Start a Model Server

You need an OpenAI-compatible model endpoint. Pick one:
- vLLM (Kubernetes)
- Ollama (Local)
Terminal window
kubectl apply -f - <<EOF apiVersion: apps/v1 kind: Deployment metadata: name: vllm-server spec: replicas: 1 selector: matchLabels: app: vllm template: metadata: labels: app: vllm spec: containers: - name: vllm image: vllm/vllm-openai:latest args: [--model, meta-llama/Llama-3.2-1B-Instruct, --port, "8000"] ports: - containerPort: 8000 EOF
Terminal window
curl -fsSL https://ollama.com/install.sh | sh ollama run qwen2.5:1.5b
Ollama serves at http://localhost:11434/v1 (OpenAI-compatible).
Install a Client
Terminal window
pip install "eval-hub-sdk[cli]"
Terminal window
pip install "eval-hub-sdk[client]"
No installation needed — use curl directly against the REST API.

Submit an Evaluation

evalhub eval run \
  --name quickstart-eval \
  --model-url http://localhost:11434/v1 \
  --model-name qwen2.5:1.5b \
  --provider guidellm \
  --benchmark quick_perf_test
# Job submitted: eval-a1b2c3d4

import os
from evalhub import SyncEvalHubClient
from evalhub.models.api import ModelConfig, BenchmarkConfig, JobSubmissionRequest

client = SyncEvalHubClient(base_url=os.environ["EVALHUB_URL"])

job = client.jobs.submit(JobSubmissionRequest(
    name="quickstart-eval",
    model=ModelConfig(
        url="http://localhost:11434/v1",
        name="qwen2.5:1.5b"
    ),
    benchmarks=[
        BenchmarkConfig(
            id="quick_perf_test",
            provider_id="guidellm",
            parameters={
                "profile": "constant",
                "rate": 5,
                "max_seconds": 10,
                "max_requests": 20,
            }
        )
    ]
))

print(f"Job submitted: {job.id}")

curl -s -X POST $EVALHUB_URL/api/v1/evaluations/jobs \
  -H "Content-Type: application/json" \
  -d '{
    "name": "quickstart-eval",
    "model": {
      "url": "http://localhost:11434/v1",
      "name": "qwen2.5:1.5b"
    },
    "benchmarks": [
      {
        "id": "quick_perf_test",
        "provider_id": "guidellm",
        "parameters": {
          "profile": "constant",
          "rate": 5,
          "max_seconds": 10,
          "max_requests": 20
        }
      }
    ]
  }'

Wait for Results

# Block until the job completes
evalhub eval run --config eval.yaml --wait

# Or check status separately
evalhub eval status eval-a1b2c3d4

# View results
evalhub eval results eval-a1b2c3d4

result = client.jobs.wait_for_completion(job.id, timeout=120)
print(f"Status: {result.state}")
print(f"Results: {result.results}")

Or poll manually:

status = client.jobs.get(job.id)
print(f"Status: {status.state}")

# Check job status
curl -s $EVALHUB_URL/api/v1/evaluations/jobs/eval-a1b2c3d4 | jq .

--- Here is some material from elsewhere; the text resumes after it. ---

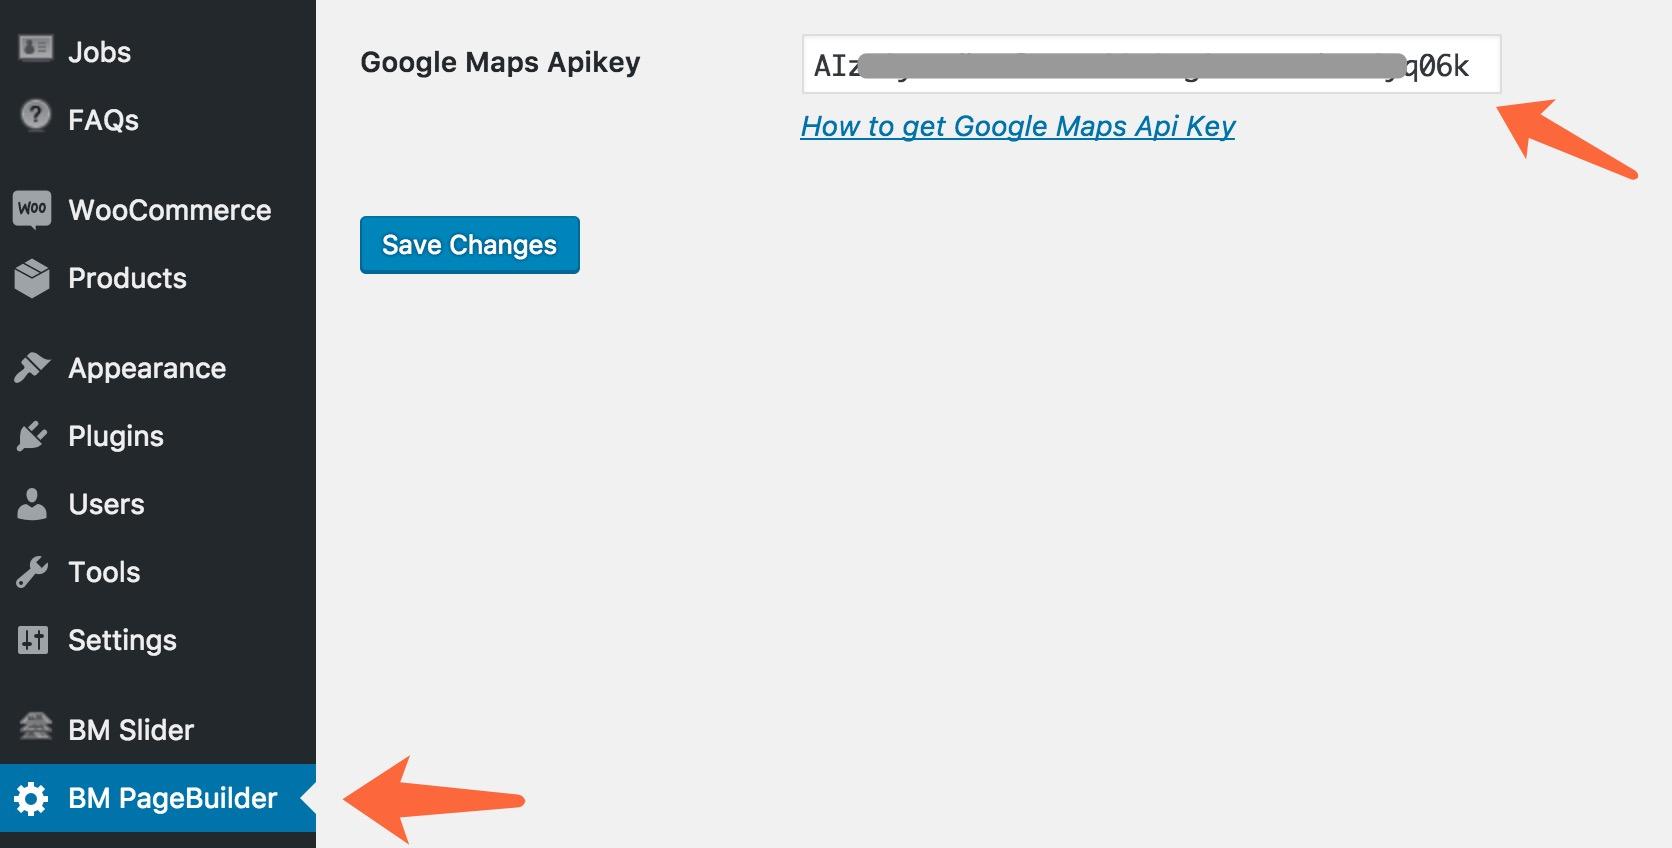 Gooelg_maps_ApiKey
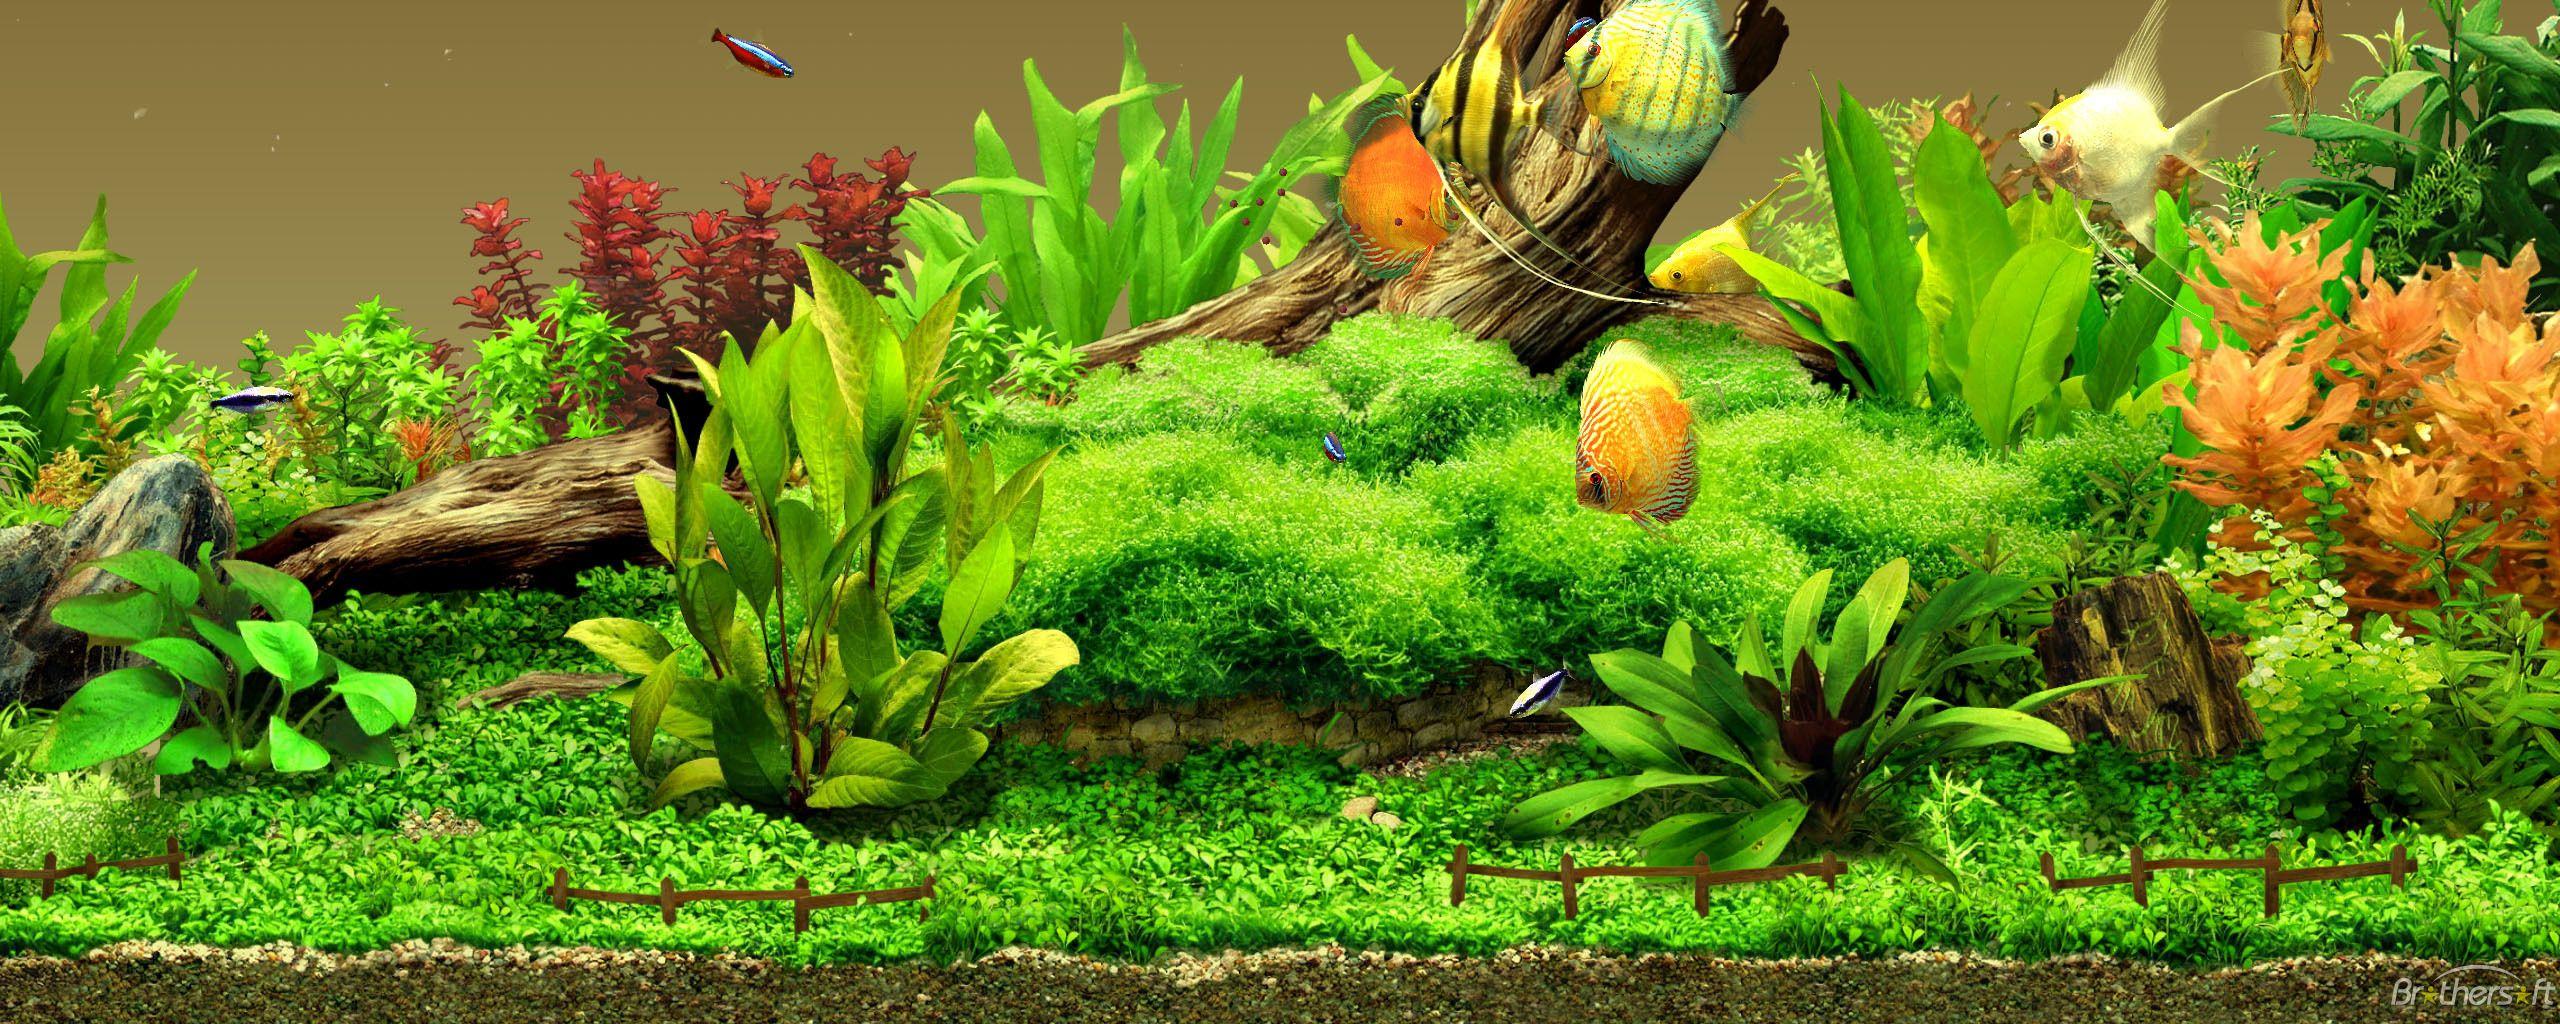 aquatic gardening | Aquarium live wallpaper, Aquarium ...

# Get results once completed
curl -s $EVALHUB_URL/api/v1/evaluations/jobs/eval-a1b2c3d4 \
  | jq '.results'

Explore Further

List Providers and Benchmarks

evalhub providers list
evalhub providers describe lm_evaluation_harness

for provider in client.providers.list():
    print(f"{provider.resource.id}: {provider.name}")

benchmarks = client.benchmarks.list(provider_id="lm_evaluation_harness")
for b in benchmarks:
    print(f"  {b.id}: {b.name}")

# List all providers
curl -s $EVALHUB_URL/api/v1/evaluations/providers | jq .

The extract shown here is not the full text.